(Beginning of Supplied data)

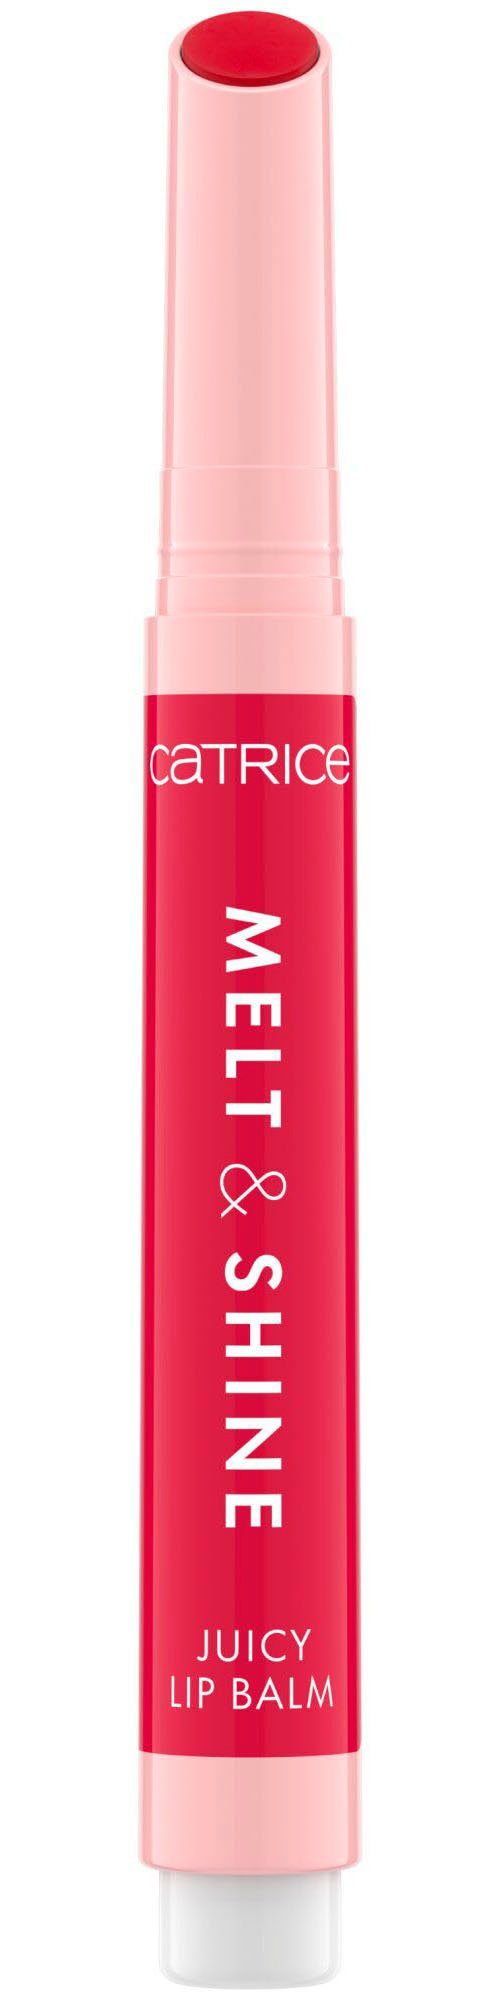 Catrice Lippenbalsam Melt & Juicy Lip 3-tlg., ohne glutenfrei Nanopartikel Shine vegan, frei, Balm, Parabene, ölfrei
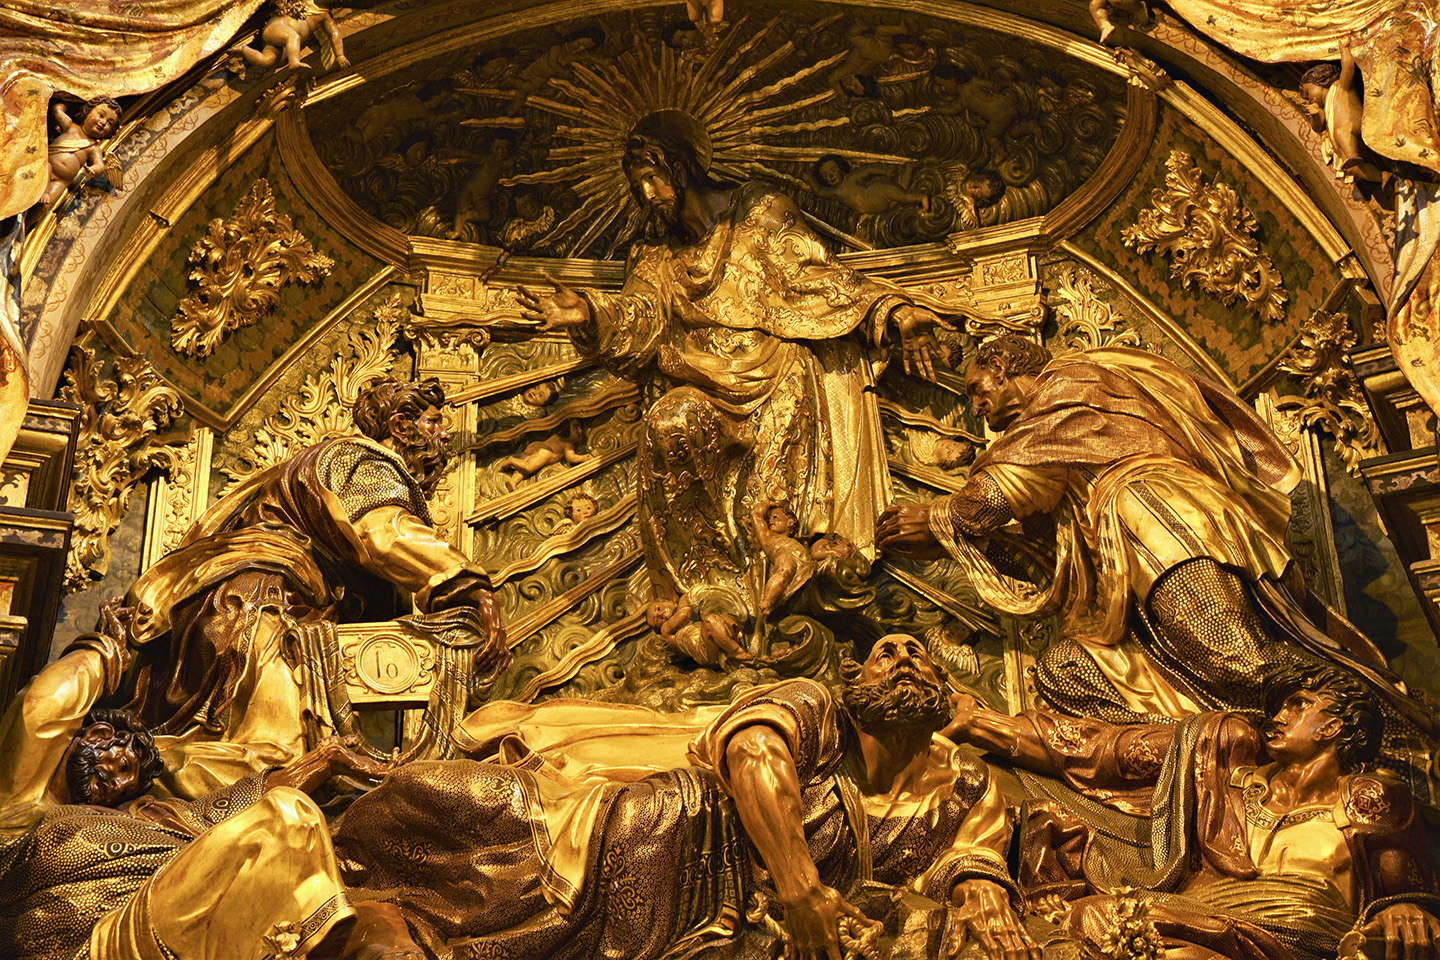 Chi tiết tác phẩm “The Transfiguration of Christ” (Sự biến hình của Đấng Christ) từ bức điêu khắc chính sau điện thờ, của điêu khắc gia Alonso Berruguete, khoảng năm 1560. Sacra Capilla del Salvador (Nhà nguyện thánh El Salvador), thành phố Úbeda, Tây Ban Nha. (Ảnh: Peter Heidelberg/Shutterstock)
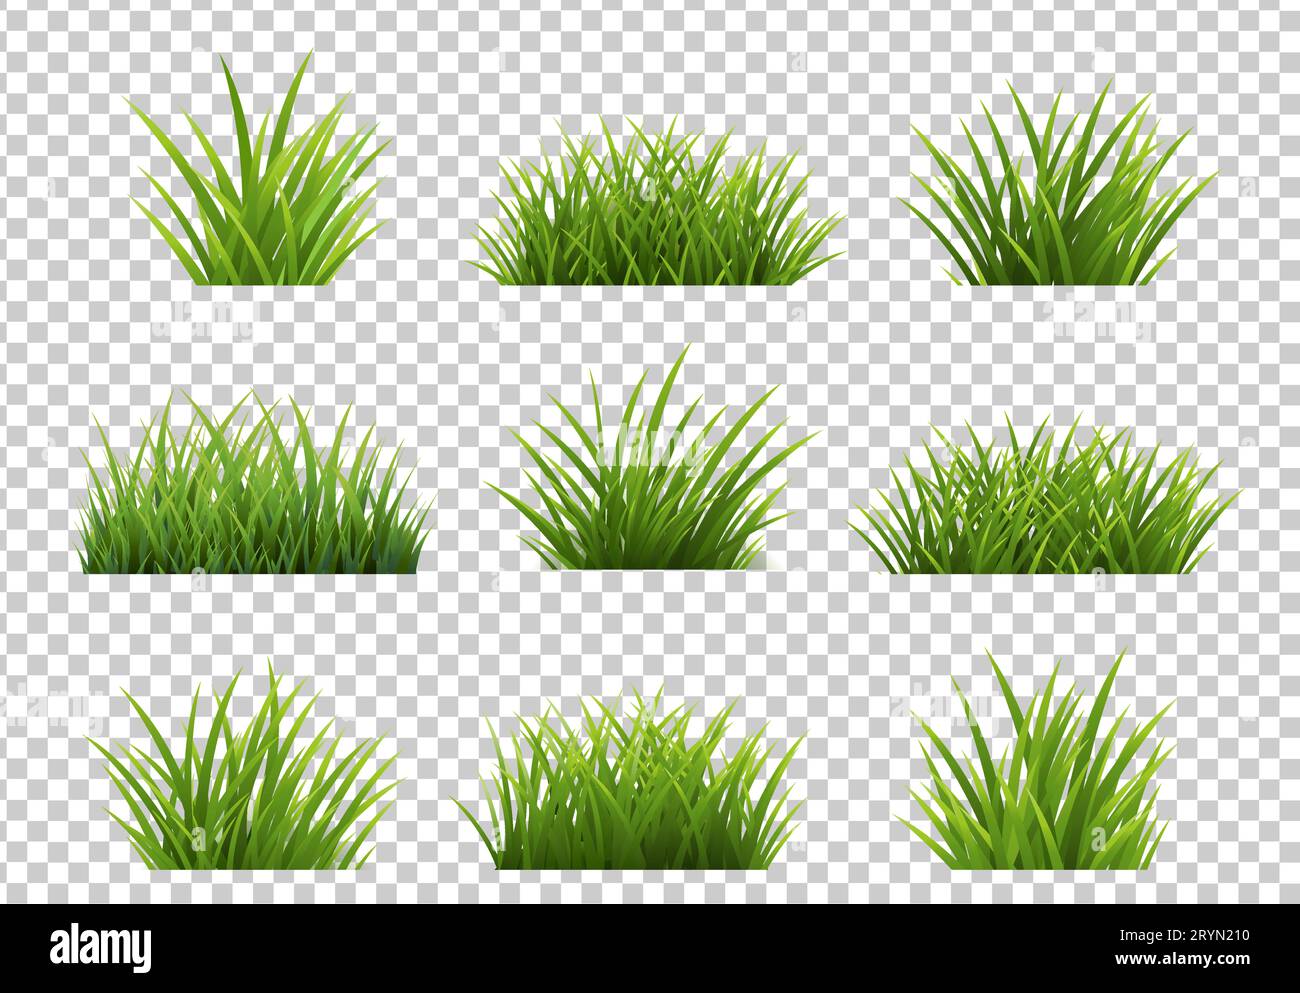 Fond transparent isolé d'herbe verte avec maillage dégradé, illustration vectorielle Illustration de Vecteur
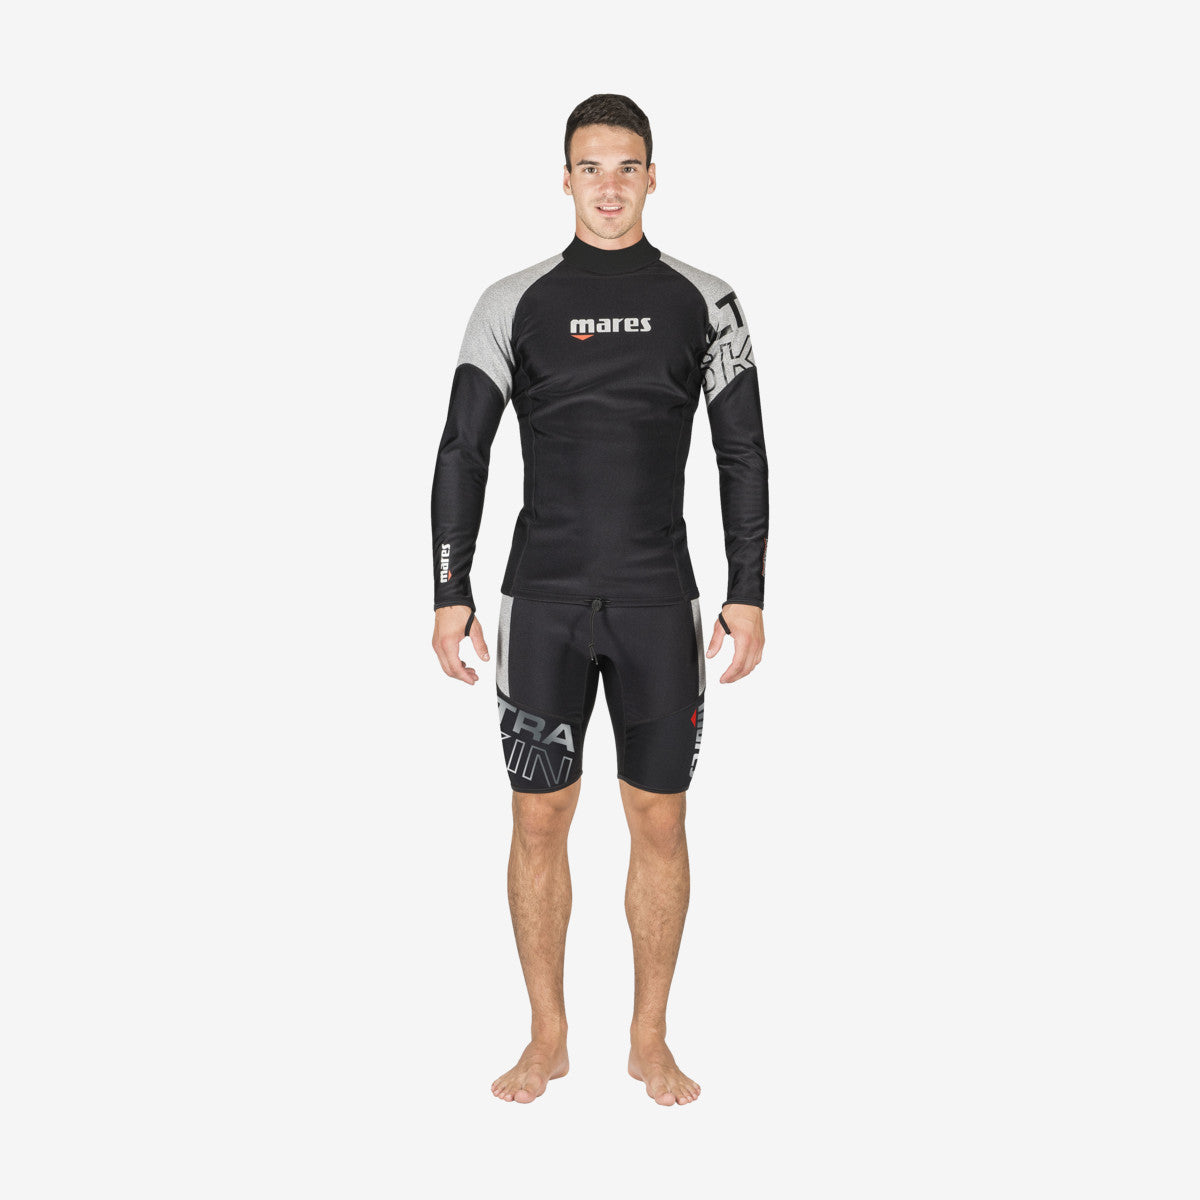 MARES Ultra Sking - Long Sleeve חלק עליון לצלילה וספורט ימי עם שרוולים ארוכים
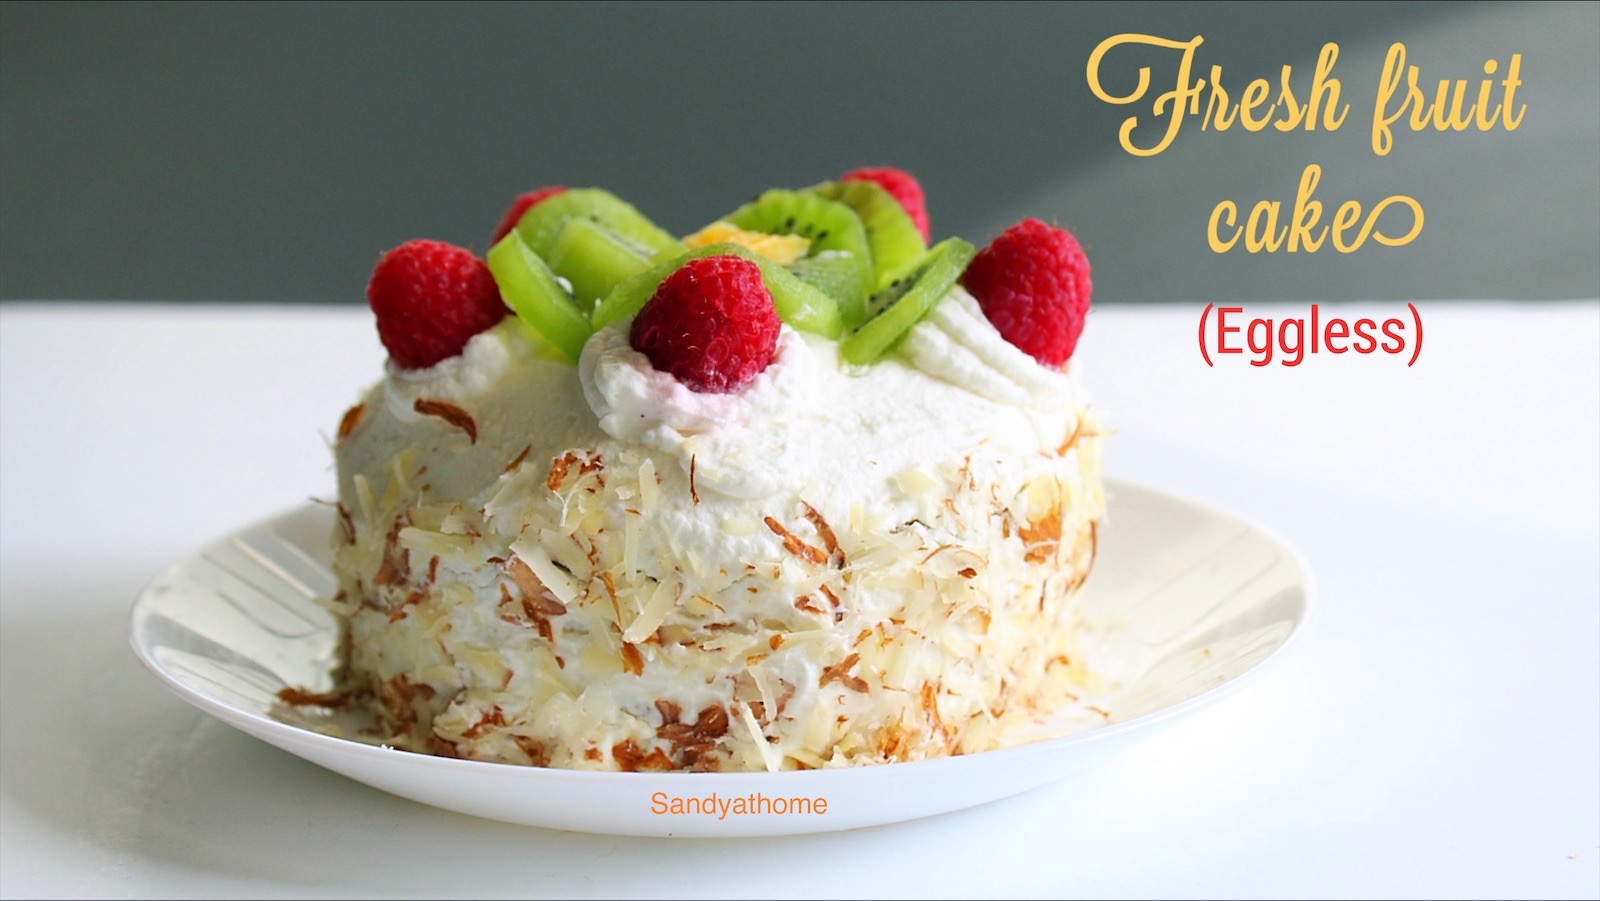 Fresh fruit cake recipe, Eggless fruit cake - Sandhya's recipes

(End of Supplied data)

• Activity
Repeat every record exactly, but not the pictures.

• Written solution
 Catrice Lippenbalsam Melt & Juicy Lip 3-tlg., ohne glutenfrei Nanopartikel Shine vegan, frei, Balm, Parabene, ölfrei
 Chi tiết tác phẩm “The Transfiguration of Christ” (Sự biến hình của Đấng Christ) từ bức điêu khắc chính sau điện thờ, của điêu khắc gia Alonso Berruguete, khoảng năm 1560. Sacra Capilla del Salvador (Nhà nguyện thánh El Salvador), thành phố Úbeda, Tây Ban Nha. (Ảnh: Peter Heidelberg/Shutterstock)
 Fond transparent isolé d'herbe verte avec maillage dégradé, illustration vectorielle Illustration de Vecteur
 MARES Ultra Sking - Long Sleeve חלק עליון לצלילה וספורט ימי עם שרוולים ארוכים
 Fresh fruit cake recipe, Eggless fruit cake - Sandhya's recipes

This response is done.